Your instructions
Each line of the data is to be output verbatim, with the images removed.

Input data
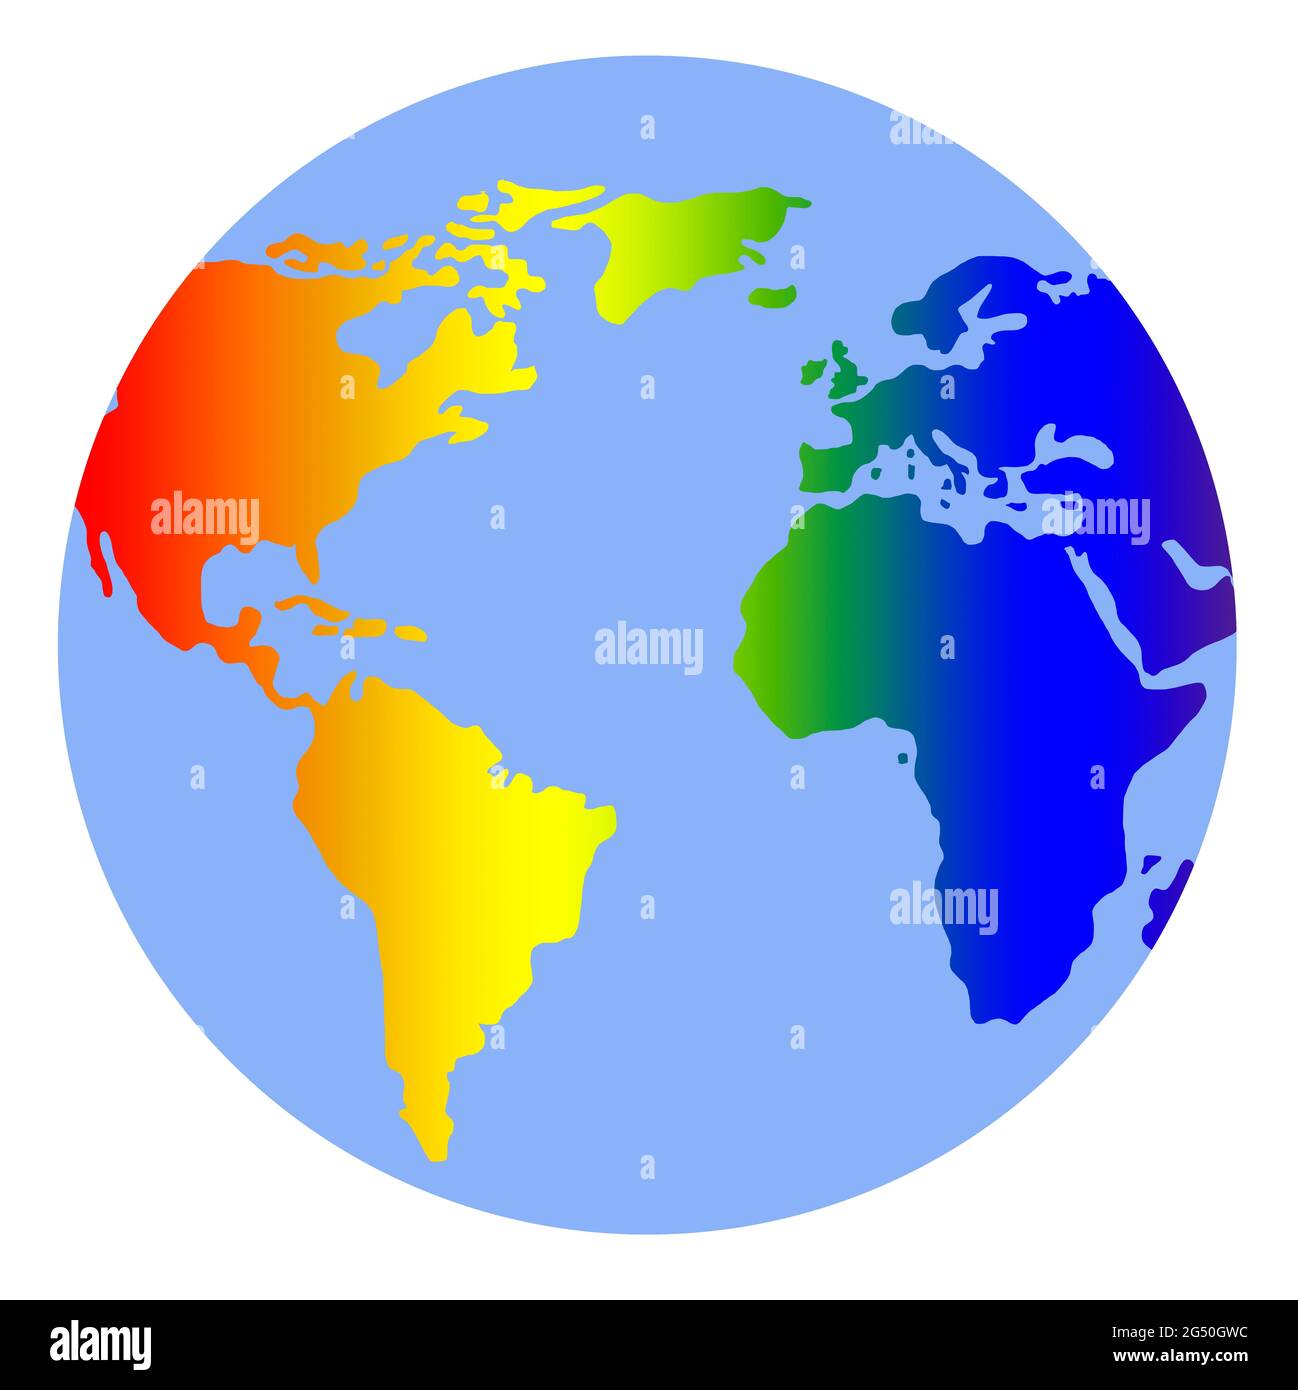 Die Erde in Regenbogen Farben - Symbol für mehr Toleranz Stock Photo
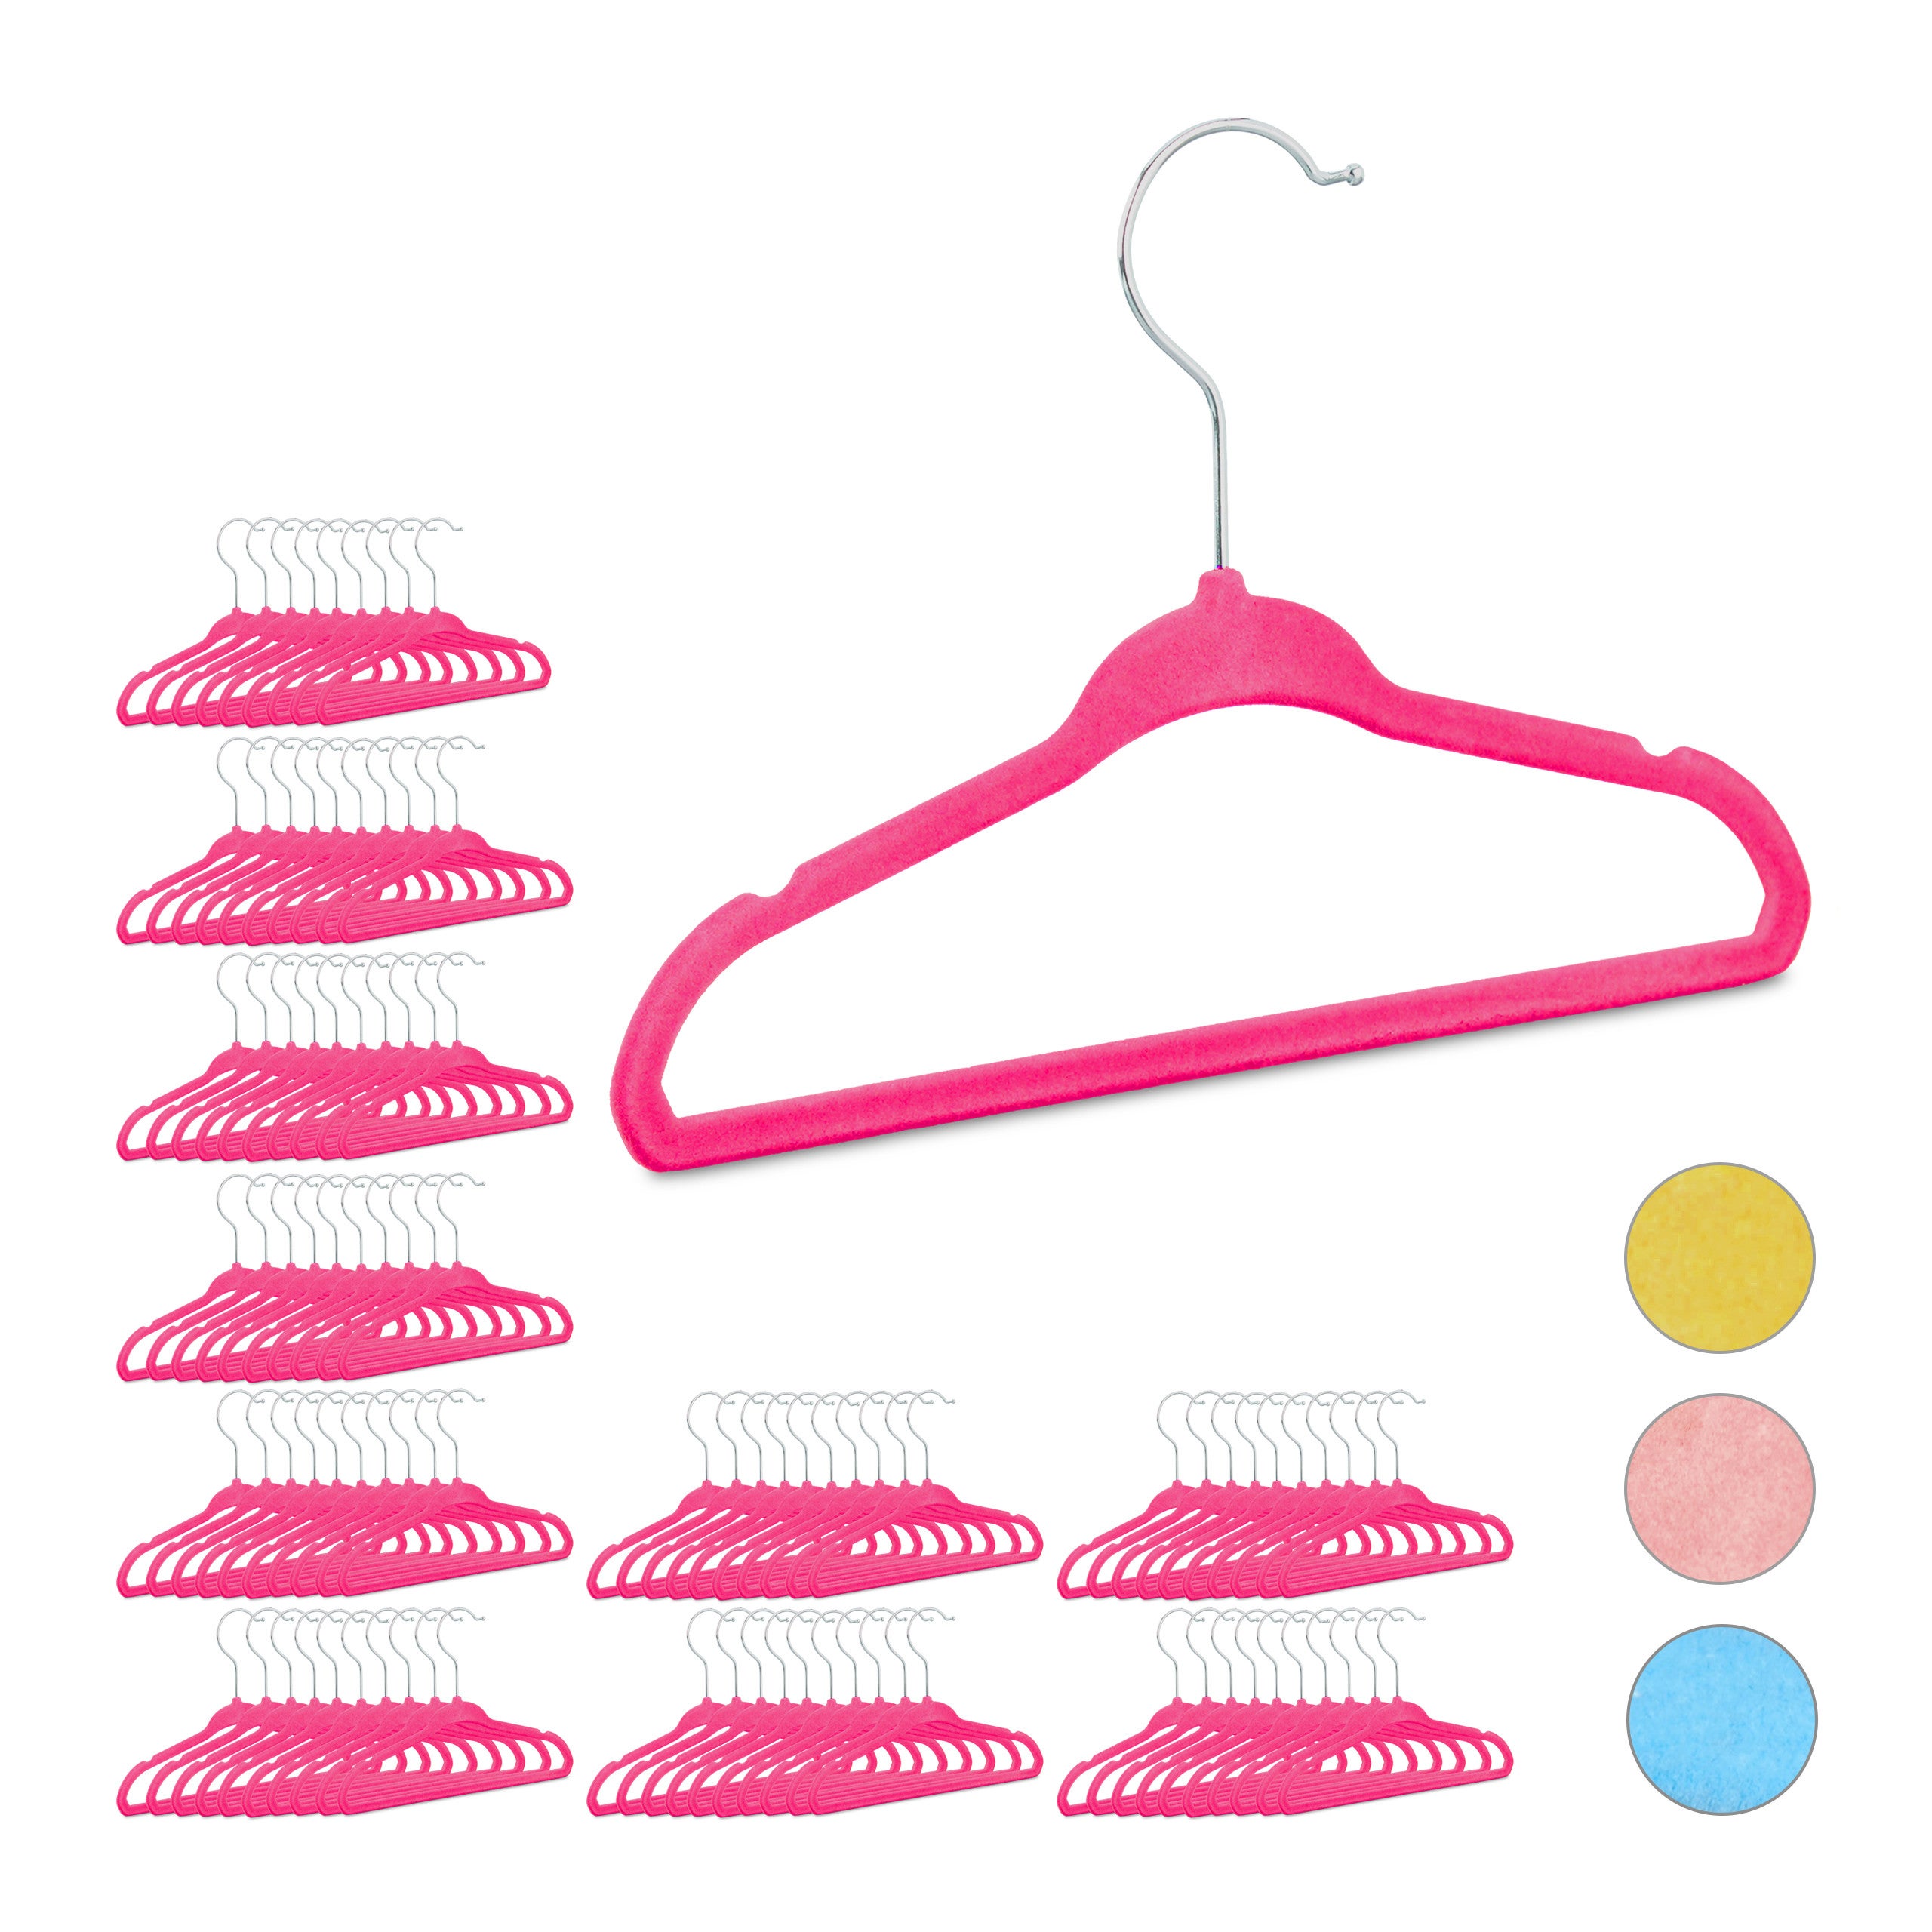 Cintres vêtements enfants, bébé, jeu de 10 cintres vêtements, motif pied,  25 cm de l, rose et blanc
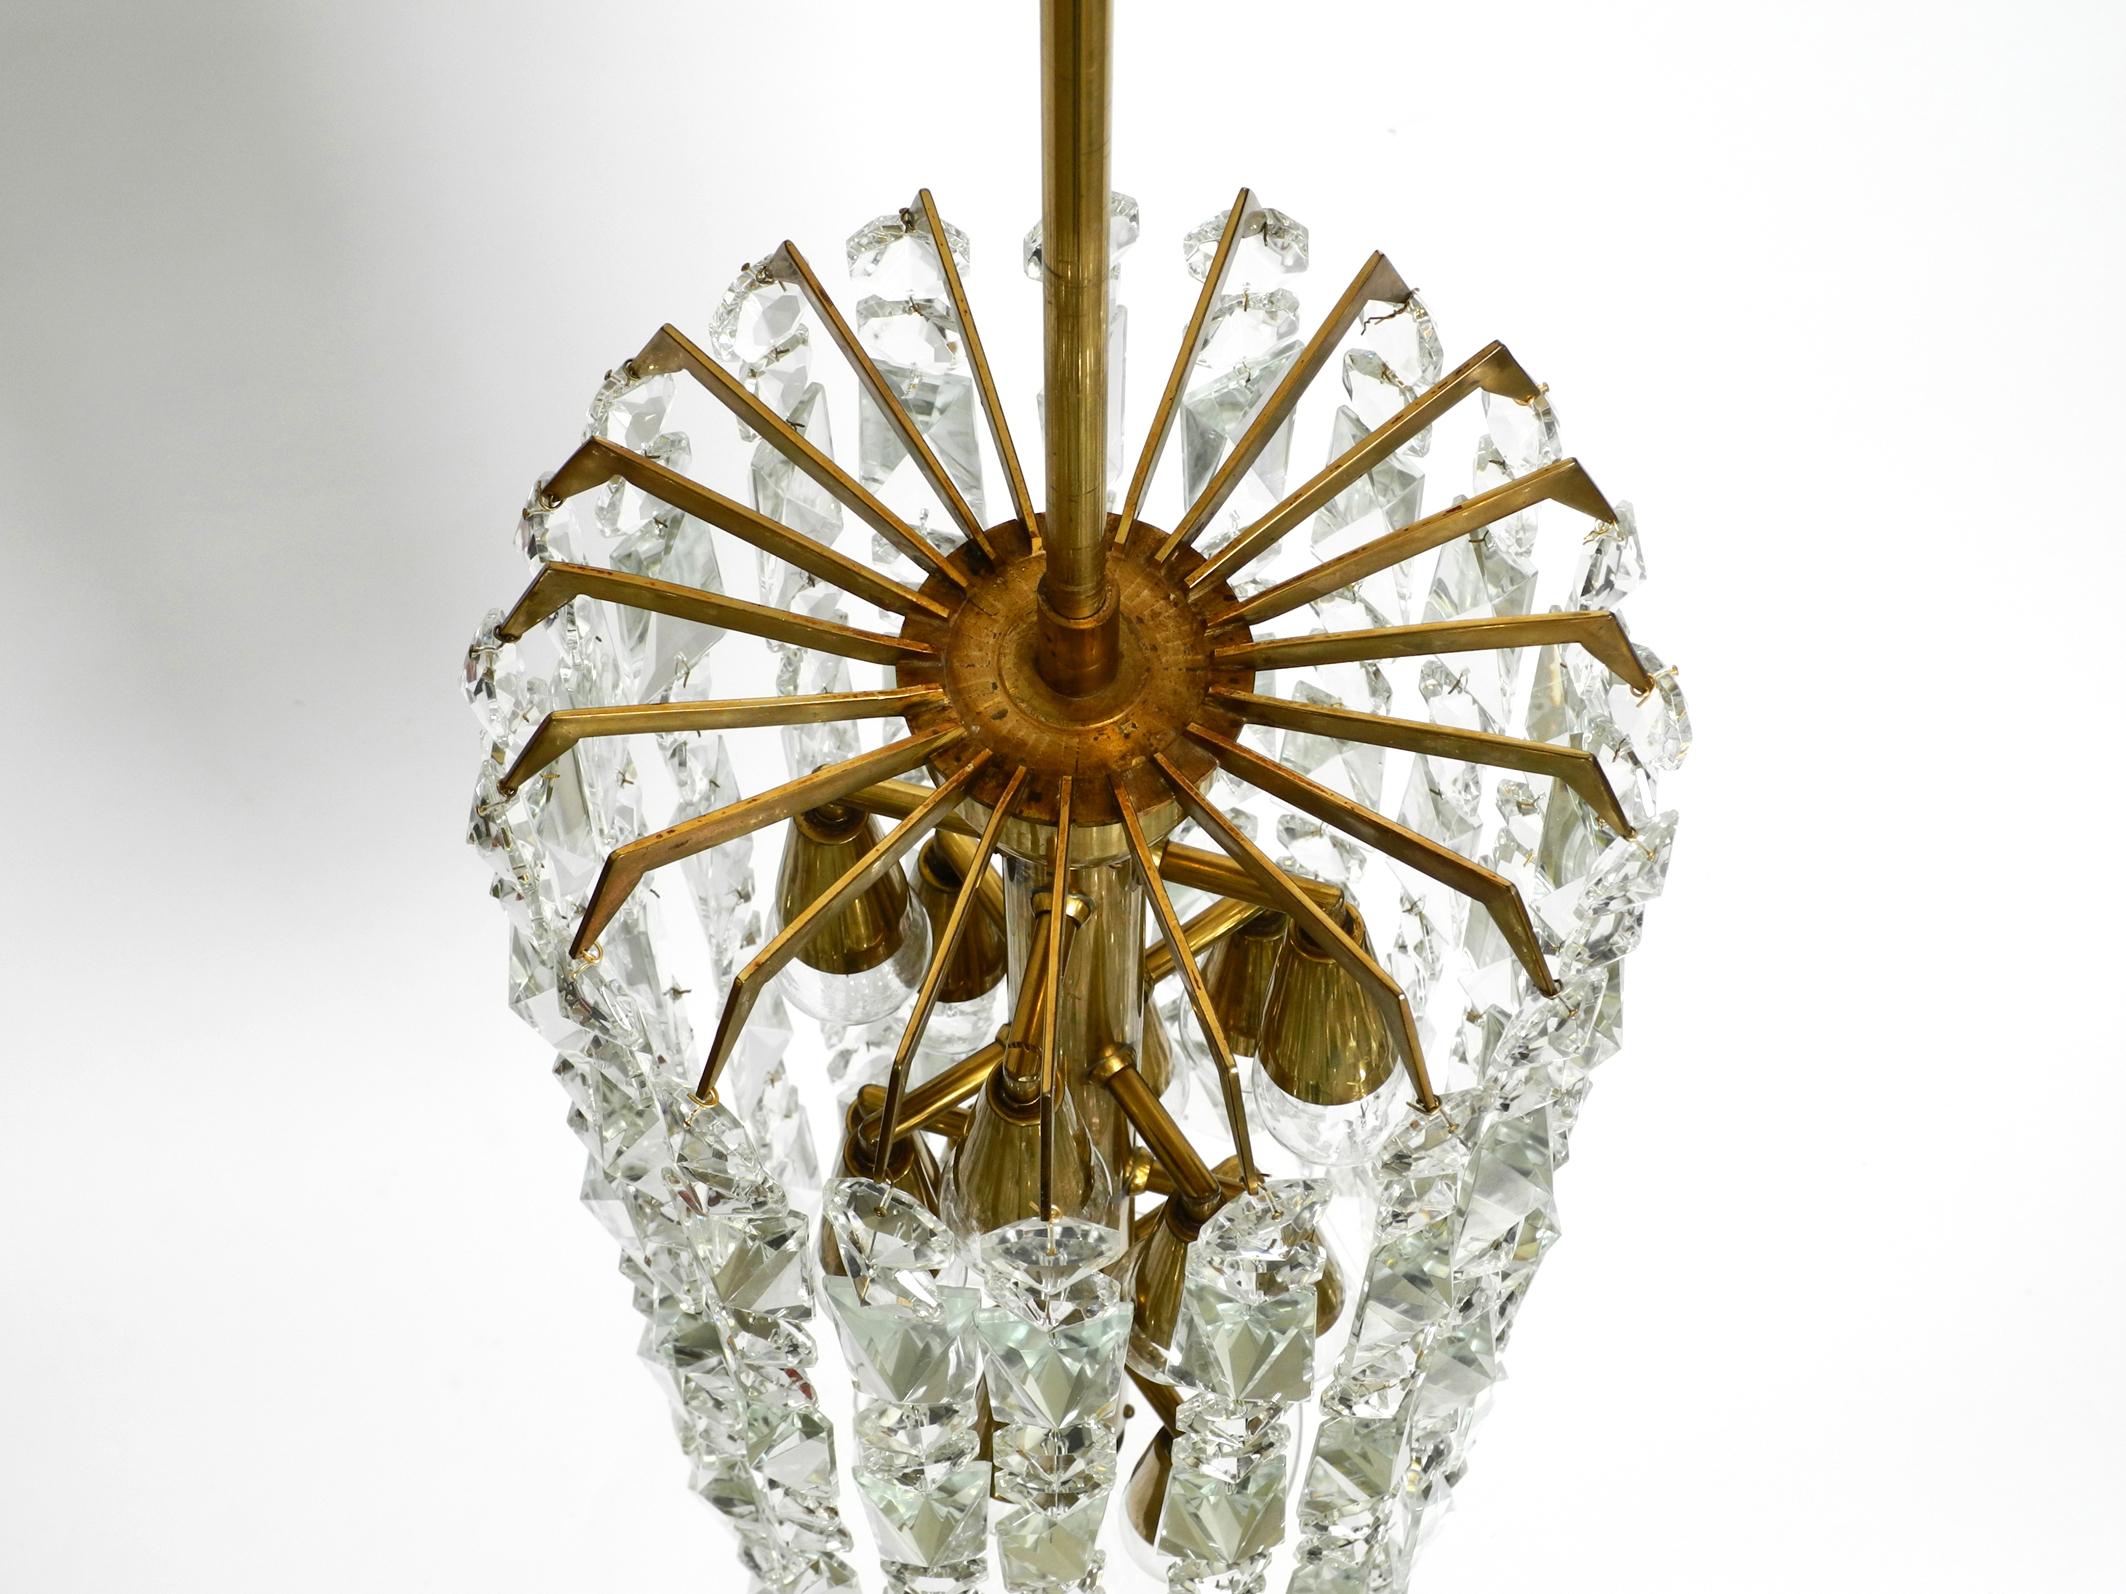 Beautiful Midcentury Brass Crystal Glass Chandelier from Vereinigte Werkstätten In Good Condition For Sale In München, DE

Solution
 Die Erde in Regenbogen Farben - Symbol für mehr Toleranz Stock Photo
 Cintres vêtements enfants, bébé, jeu de 10 cintres vêtements, motif pied,  25 cm de l, rose et blanc
 Beautiful Midcentury Brass Crystal Glass Chandelier from Vereinigte Werkstätten In Good Condition For Sale In München, DE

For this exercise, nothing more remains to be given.